--- START ---
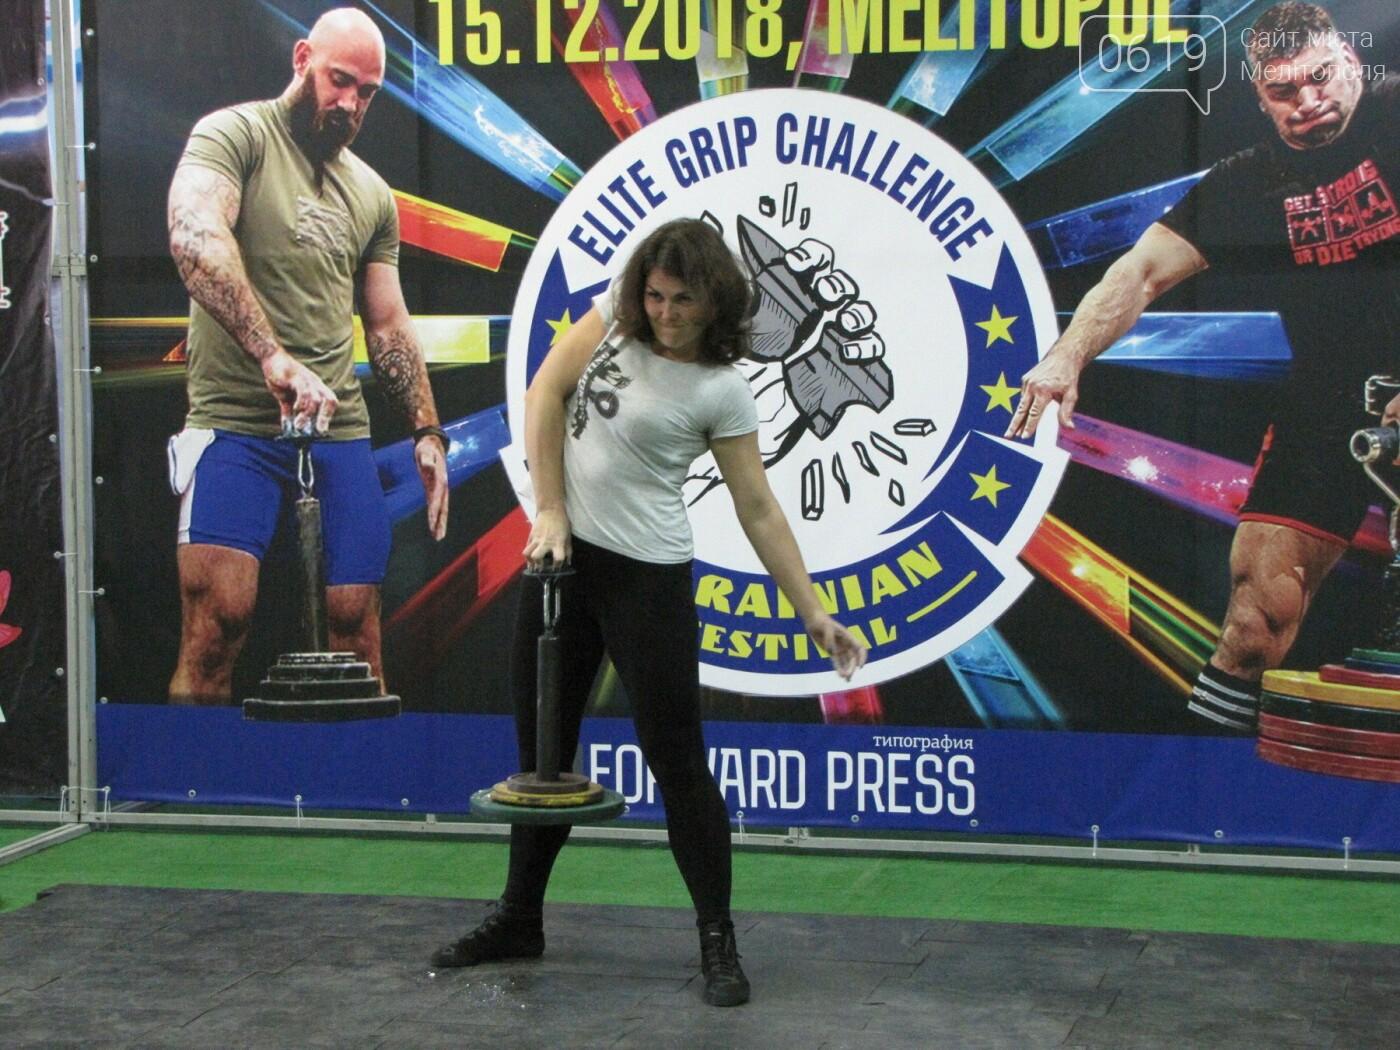 В Мелитополе сильнейшие атлеты соревновались в силе хвата, фото-11
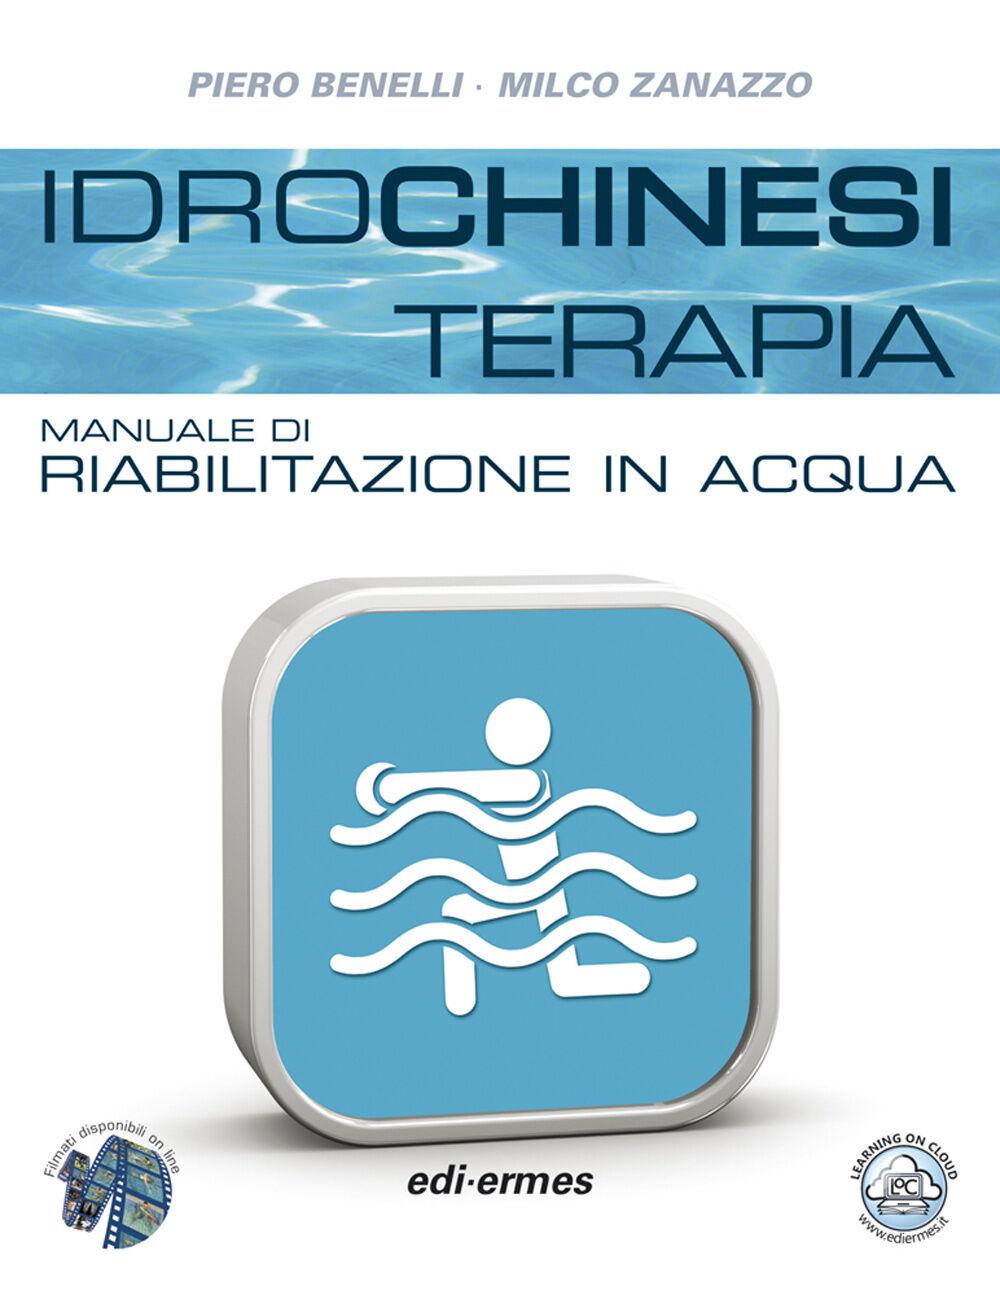 Idrochinesiterapia. Manuale di riabilitazione in acqua
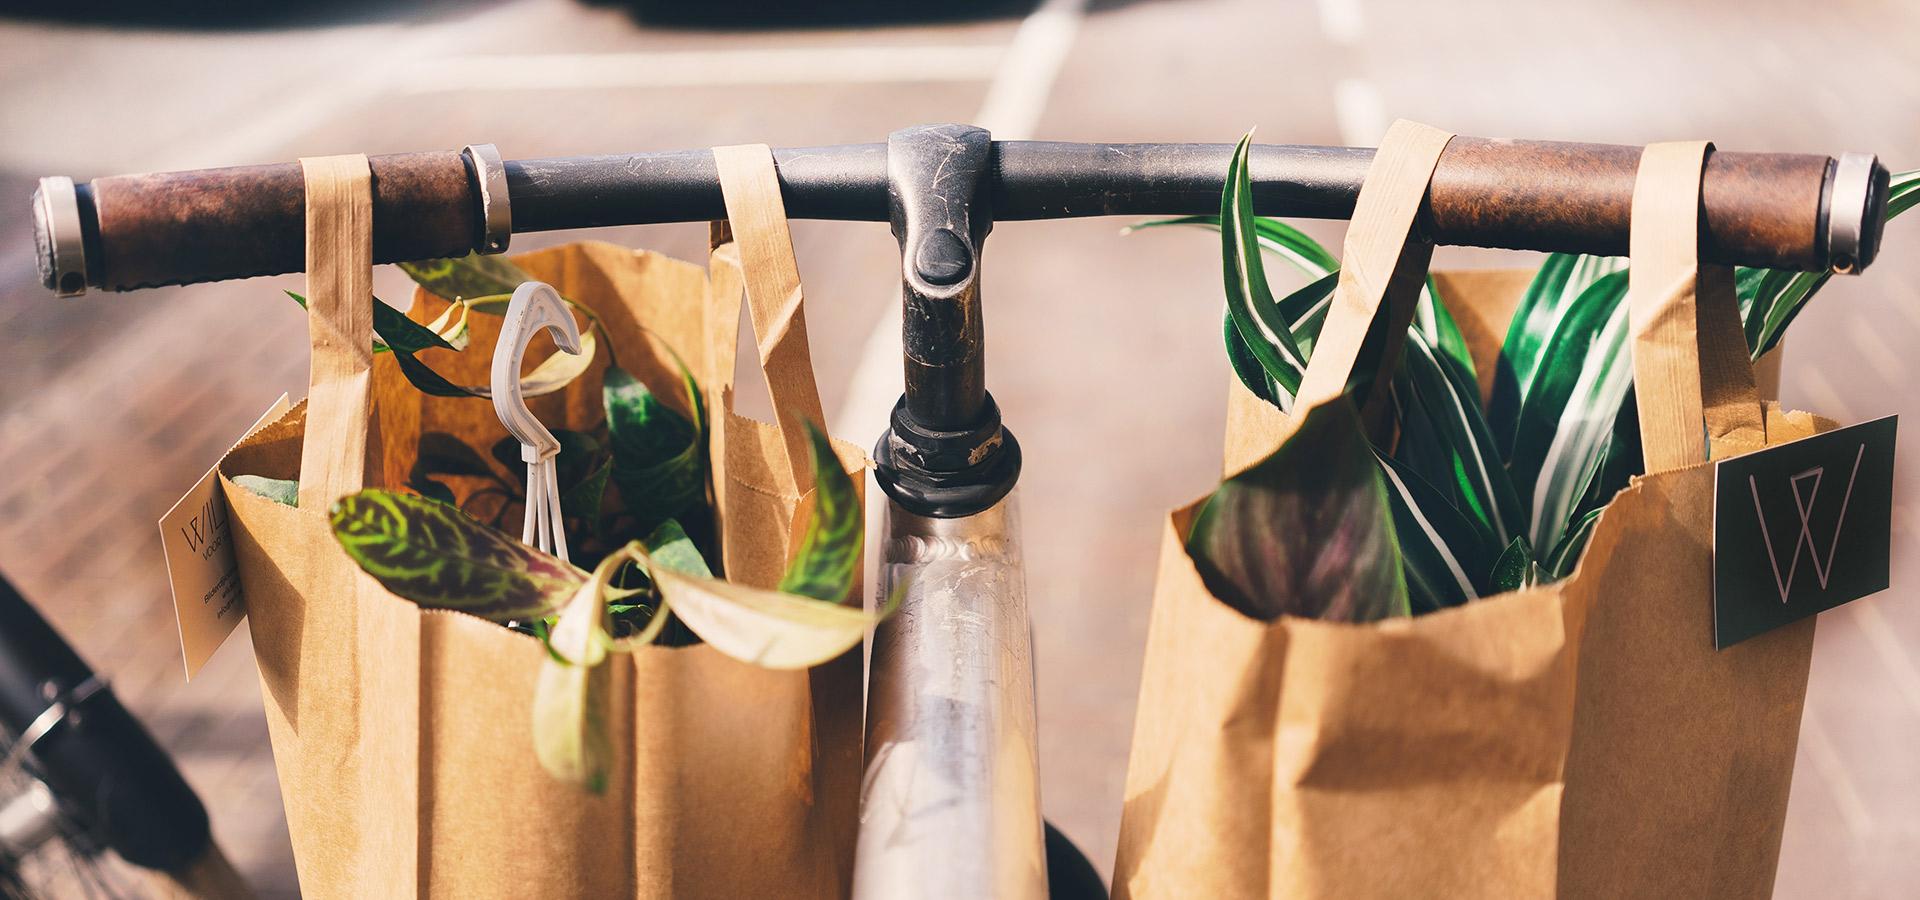 Cykel med påsar med växter hängande från styret
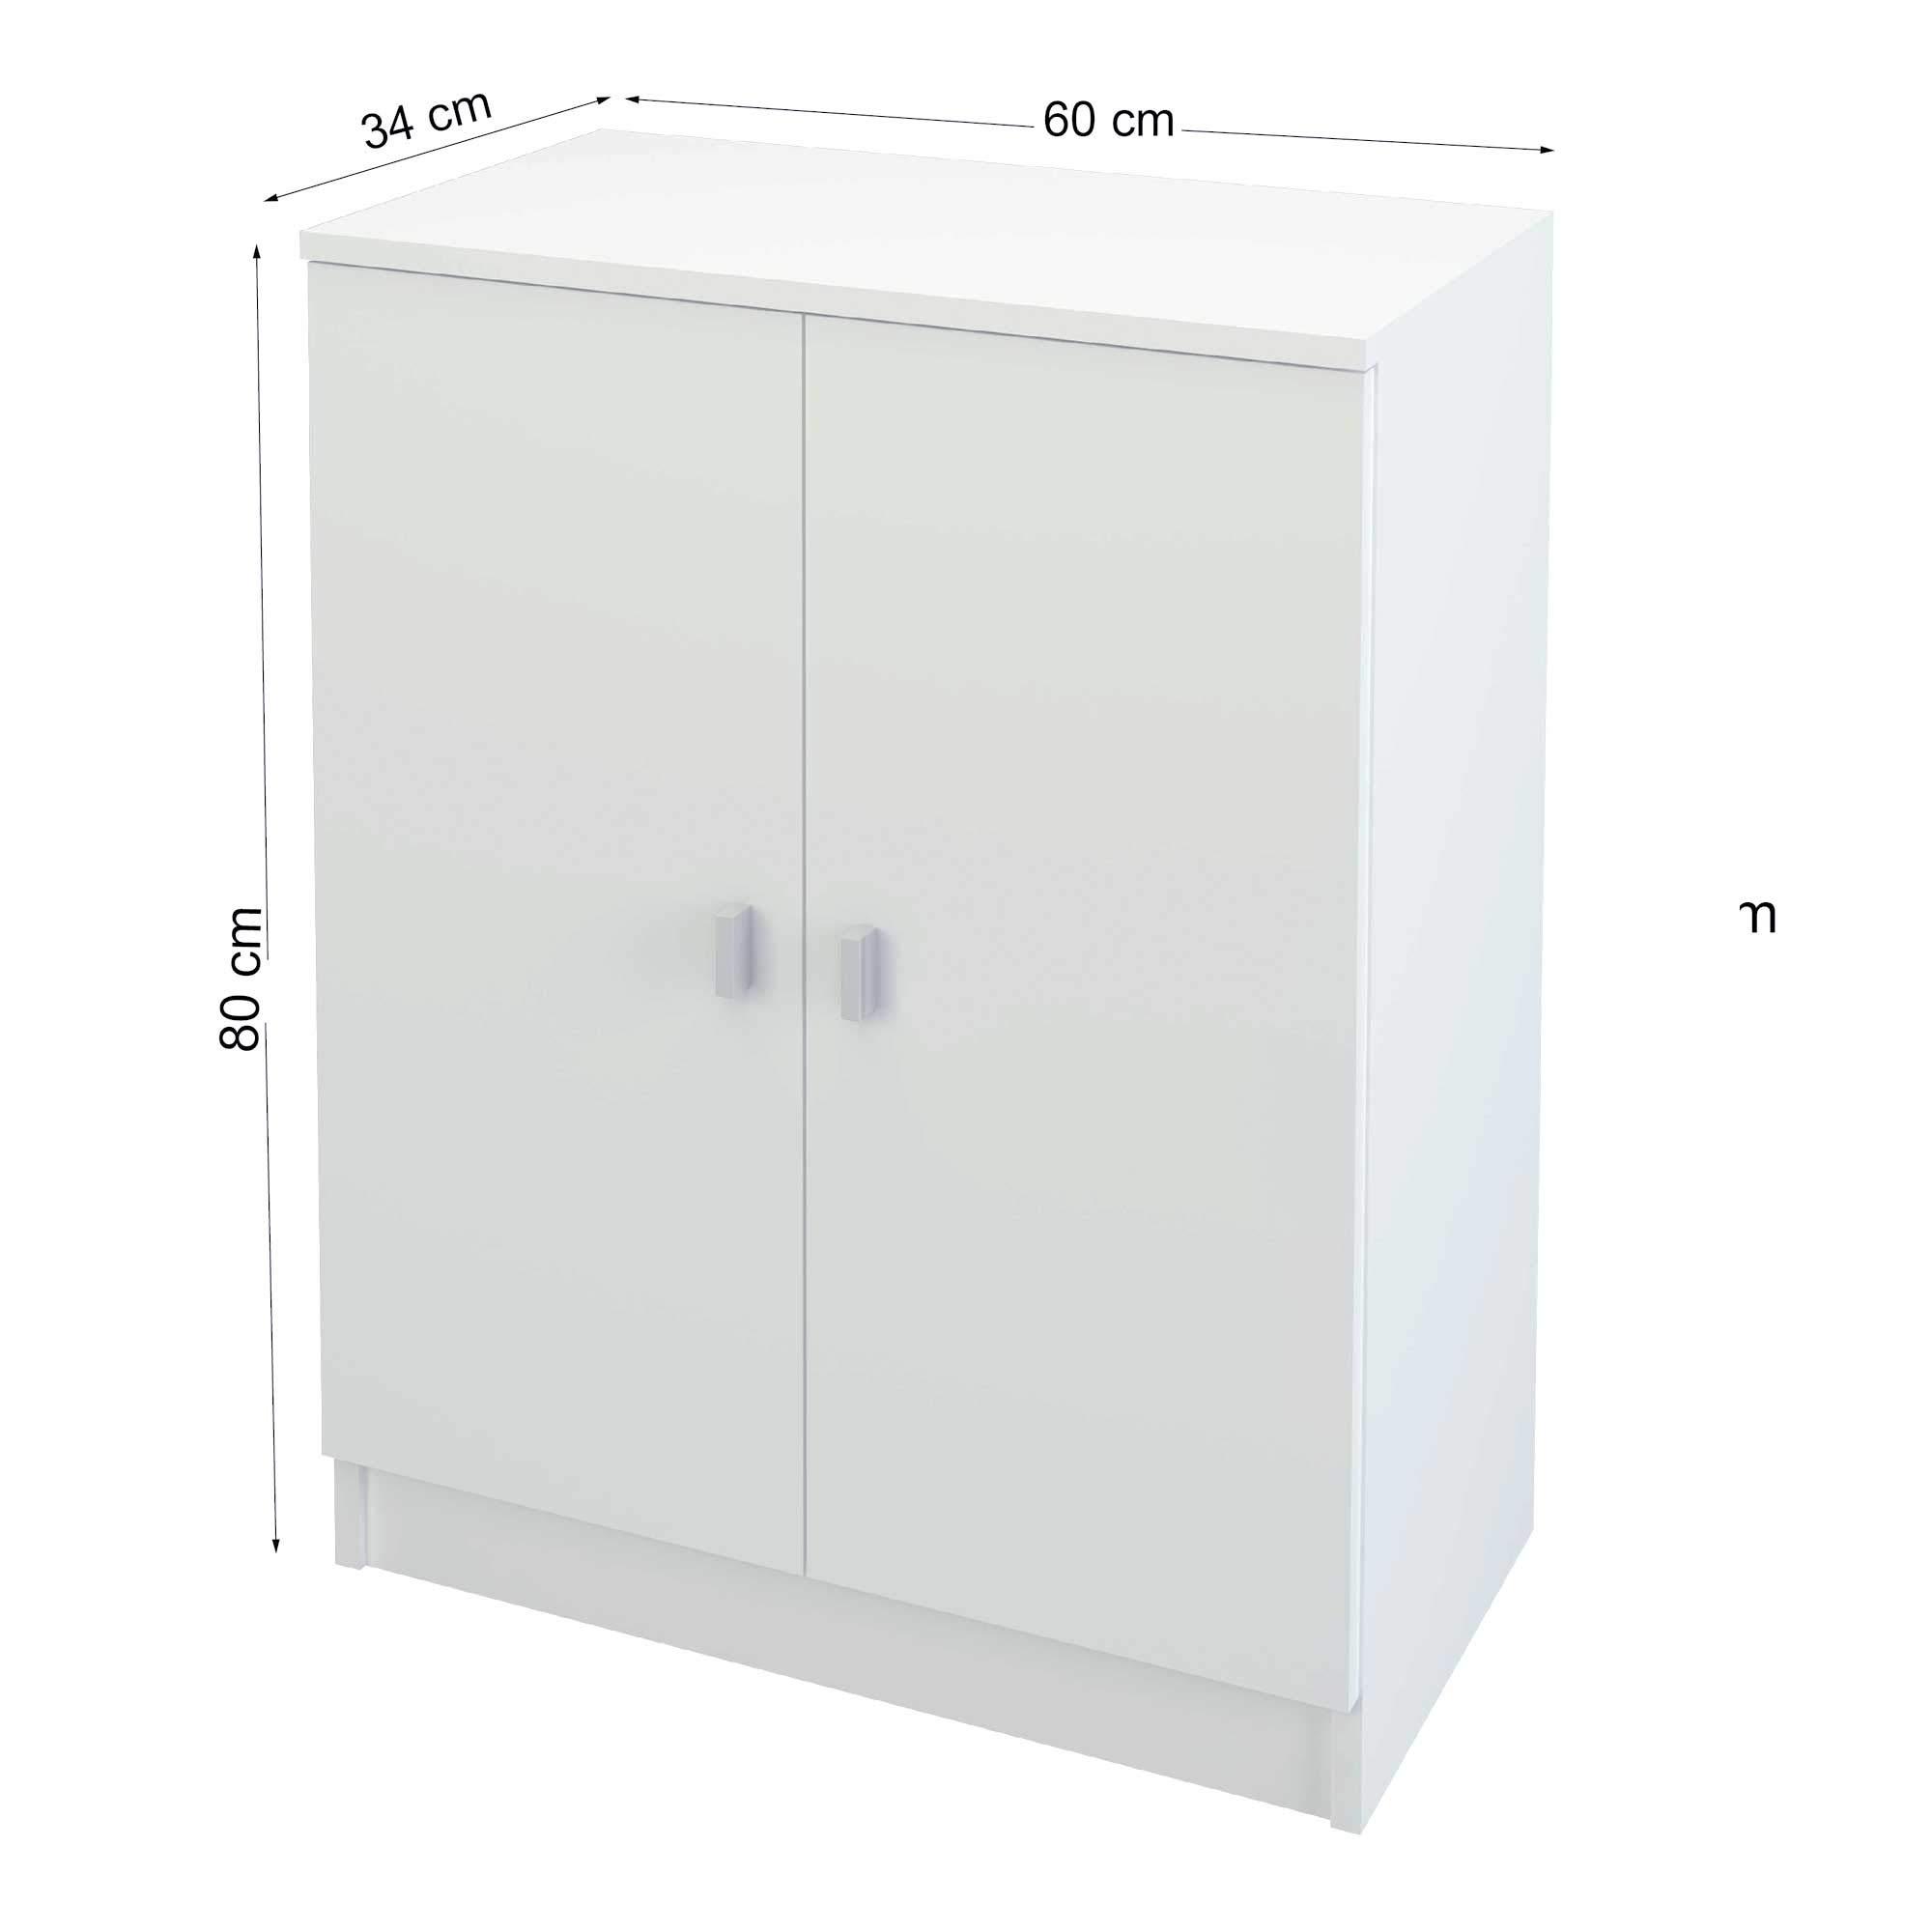 Samblo Senchi Armario bajo de cocina 2 puertas color blanco » Toppym ... 2ac0f7ffeff0
--- END ---
Leave the pictures out, and reproduce only the lines from the line holding "Idrochinesiterapia. Manuale di" through the last line of the material, both included.

# Written reply:
 Idrochinesiterapia. Manuale di riabilitazione in acqua
 Cykel med påsar med växter hängande från styret
 Samblo Senchi Armario bajo de cocina 2 puertas color blanco » Toppym ... 2ac0f7ffeff0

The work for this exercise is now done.